Since my initial deployment of UDT over a year ago I've replaced my SolarWinds server and database infrastructure by moving all to 2016 versions. I've also upgraded to the latest Solarwinds Orion Platform 2018.4 and NAM 2018.4 and i look forward to turning UDT back on with better results due to the upgrades. But I'm not certain this will be the case.
So let's get back to my original question about routers, which also pertains to L3 switches that do routing or function as distribution switches to the VLANs on the switches below them.
- Does UDT require a router be defined for every VLAN?
- If so, where does one tell UDT about the routers serving each switch?
- If UDT doesn't require a specifically defined router or L3 switch for the VLAN's on access switches, how does UDT know which nodes hold the ARP info for every VLAN on every switch?
- Where does UDT go to understand which L3 node should be queried for any PC or workstation being routed by that L3 node?
- SNMP-v2 or v3 for routers and L3 Distribution switches:
- Does UDT require snmp-v2 access to every router?
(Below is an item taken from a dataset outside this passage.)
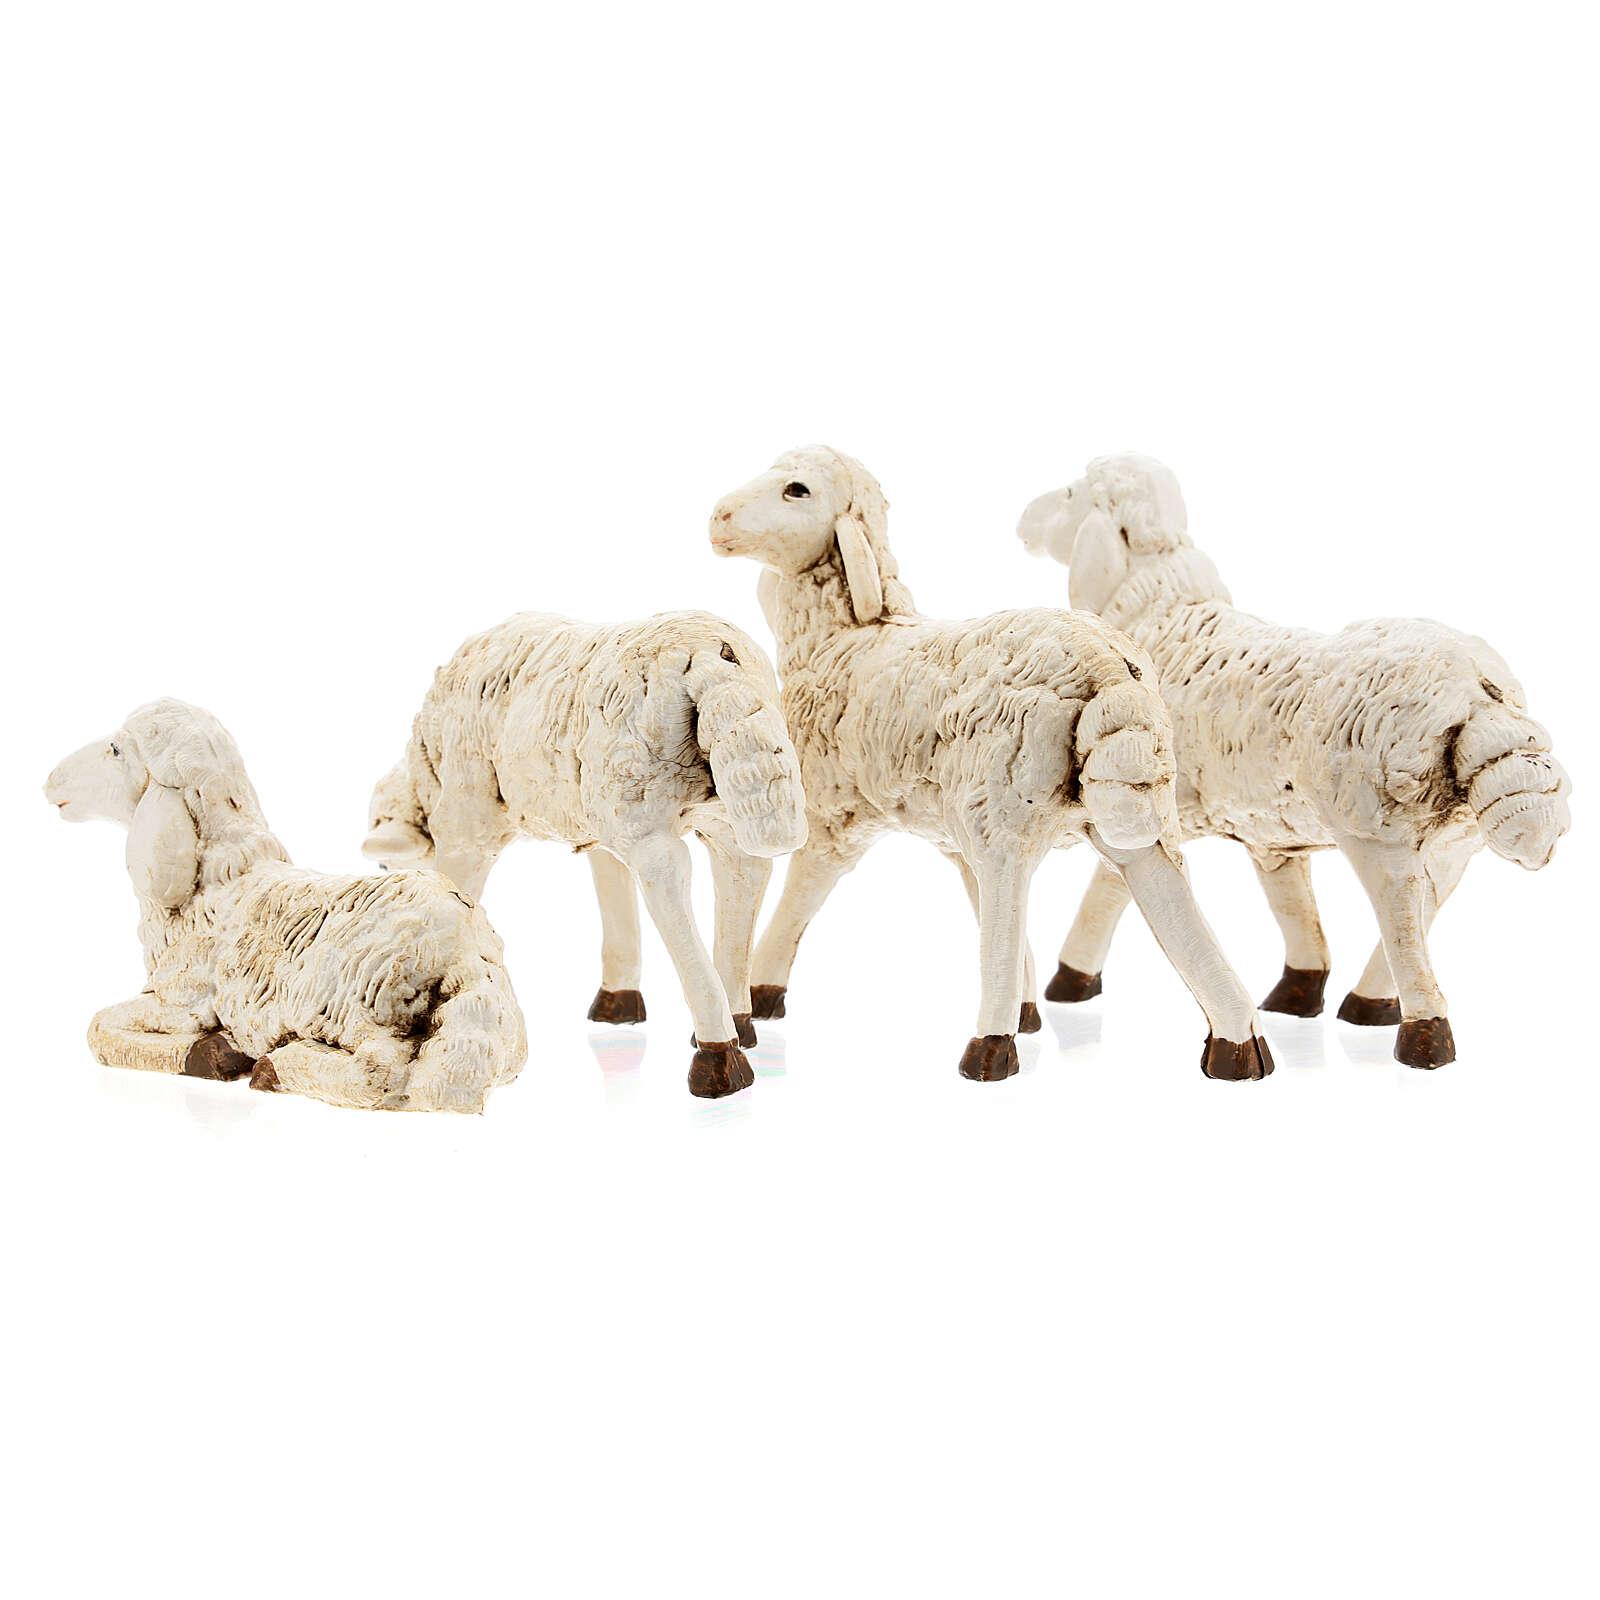 Nativity scene figurines, plastic sheep, 4 pieces 20cm 3

- Can UDT get its device and user tracking jobs done via snmp-v3 community strings for routers & L3 switches?
- What can be done to reduce the strain UDT puts on switches or routers with CPU and/or memory resources that should be sufficient to UDT's needs--but that aren't?
- I discovered my 6509 Distribution Switches acting like they were experiencing an snmp-get DOS attack from all the queries they received from UDT and other network node discovery tools (e.g.: like Printuition, which polls all IP addresses on the network to discover printers. We have ~8,000 network printers, and keeping up with their paper and toner and service needs requires an automated tool like Printuition). When I replaced the 6509's with 6807's I saw the newer L3 distribution switches could handle the snmp query onslaught better than the 6509's.
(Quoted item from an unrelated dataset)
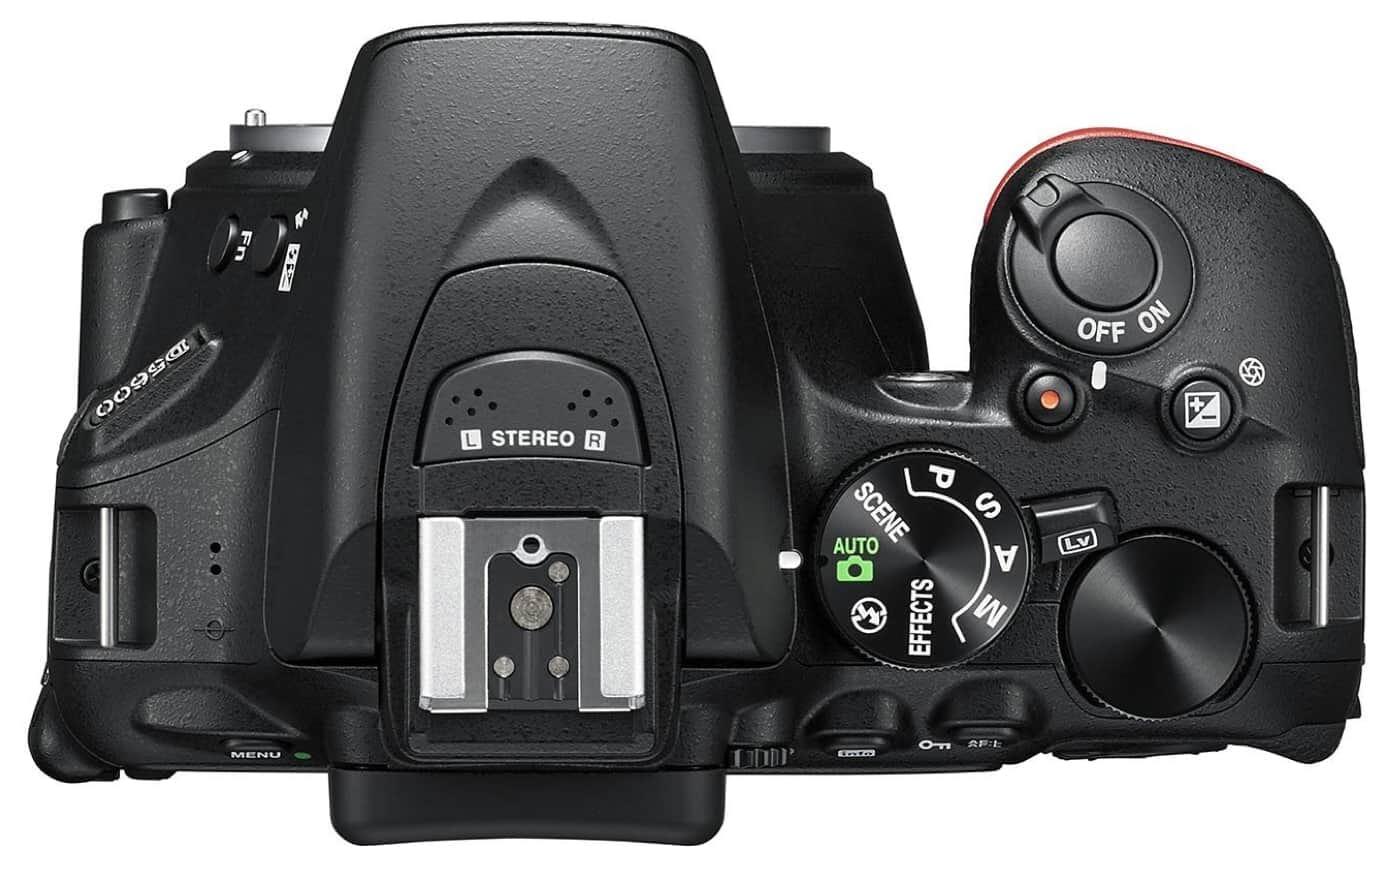 Best Nikon DSLR under $1,000 #2 D5600 DX-Format DSLR

- How does one ensure that any L3 switch or router isn't overwhelmed with snmp-get requests from UDT while simultaneously ensuring a current and valid UDT database remains available for my staff to query and watch and manage?
- What are the results of enabling UDT to manage ports on a switch for which UDT is not specifically set to monitor the upstream router or L3 switch?
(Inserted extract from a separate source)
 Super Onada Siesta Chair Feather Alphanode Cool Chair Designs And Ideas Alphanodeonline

- Will UDT simply understand the next upstream router from an access switch will hold the ARP info for PC's & printers, and query that upstream router via the snmp-v3 strings used by NPM to monitor that router?
- More and more of my remote sites rely on non-traditional routers for WAN connectivity. In some cases they use Cisco 5506's for BGP WAN routing, and those same ASA's provide local routing for computers at the side. In other cases 8350 or 9348 switches have L3 services enabled and are functioning as the routers for nodes below them.
- Will UDT accurately discover nodes beneath an ASA 5506 that's working as a router?
- Will UDT accurately discover nodes below a 3850 or 9348 switch with L3 services enabled to make it a router for the switches and computers below it?
- A number of sites rely on L3 routing & distribution to come from Cisco Nexus 5548 switches. I've had challenges with Nexus playing well with Solarwinds. Will UDT be able to properly function if routing has to come via Nexus 5548's?
I need to get my investment back from purchasing UDT, but my team is moving to other best of breed solutions that don't stress our network switches or routers, and that do what we expected UDT to do--at a lower price point.
All honest and helpful attempts to assist will be appreciated. I'm betting that if marcoswithanoh can't help me, he knows who can, and he'll draw their attention to this query.